'My dad didn't want to divide the family'

      EUGENE, Ore. - While working summers in the United States, Roberto Garcia realized his family of 11 would have many more opportunities if they moved out of Mexico.

      "Dad was having a hard time keeping up with all the expenses and trying to send us all to school," said Garcia's daughter Leticia Simmons.

      He started legally bringing family members across the border two and three at a time until the whole family was in Oregon.

      Roberto then faced the problem of finding a home for the whole family to share.

      "We kept moving because the places were so small, and my dad didn't want to divide the family," Leticia said.

      Roberto Garcia said the family avoided eviction by hiding his kids in the closet when the landlord came over. His daughter, Lorena Garcia, remembers having to sneak into the house at night to keep the family together.

      "It was very difficult and very unsure to have a status or anything because the first thing we need was a home," said Lorena.

      Roberto's oldest son found out about the Habitat For Humanity program and the Garcia's applied for a home in 1994.

      The family managed to stay together, thanks to the Habitat For Humanity program.

      "We were all excited and for the first time thinking maybe it's going to be possible to have a house," Simmons said.

      "The selection process is based on three criteria, the need for housing, the ability to pay for that housing through a zero percent interest no profit mortgage, and for the willingness to partner with habitat for humanity through the contribution of their own time and energy in what we call sweat equity," said Don Griffin, a spokesperson for Habitat For Humanity.

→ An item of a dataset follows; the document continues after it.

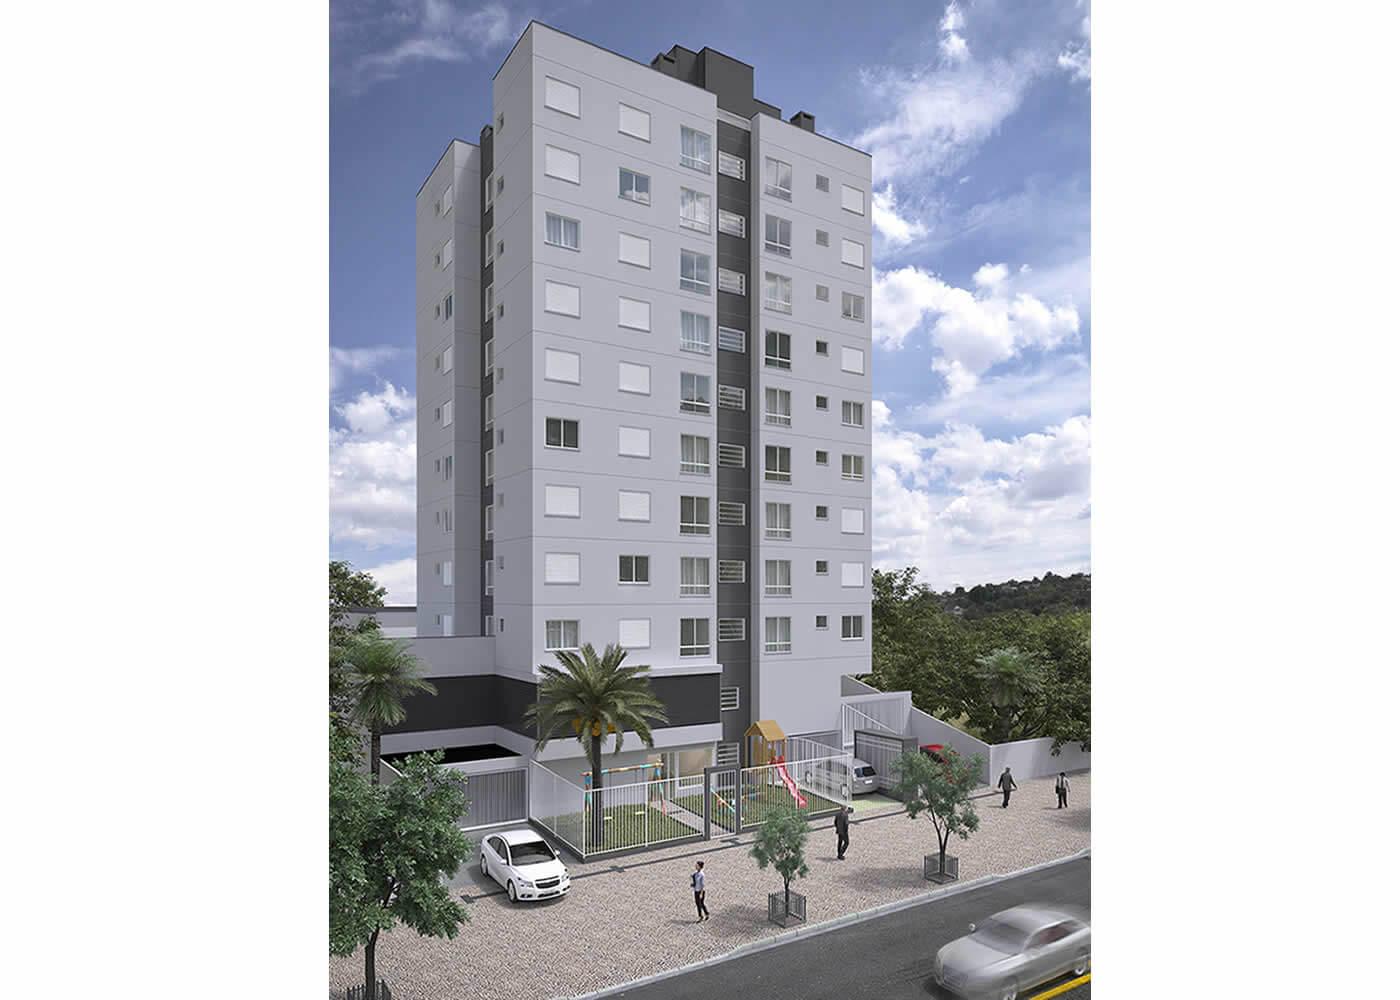 Edificio Residencial Bento Gonçalves II - G. Ghem Engenharia

      The Garcia's were approved and set to work building the house that would give the family stability.

      "I think the house is most important in the life because it's the base for the family," Roberto Garcia said.

      In June, the Garcia family will be the first Lane County residents to pay off their Habitat For Humanity home.

      "We are so happy because now we feel like we are responsible for my father and my mother and we think now we are for sure they have their own house," said Lorena Garcia. "If Habitat didn't help us maybe we don't have a house, because it was very difficult for nine people to have a house."

      "This is what it's all about, providing a decent affordable home for the long haul for a family to help them grow and nurture their children to be rooted in the community and have an opportunity to have a safe place for their elder years," said Griffin.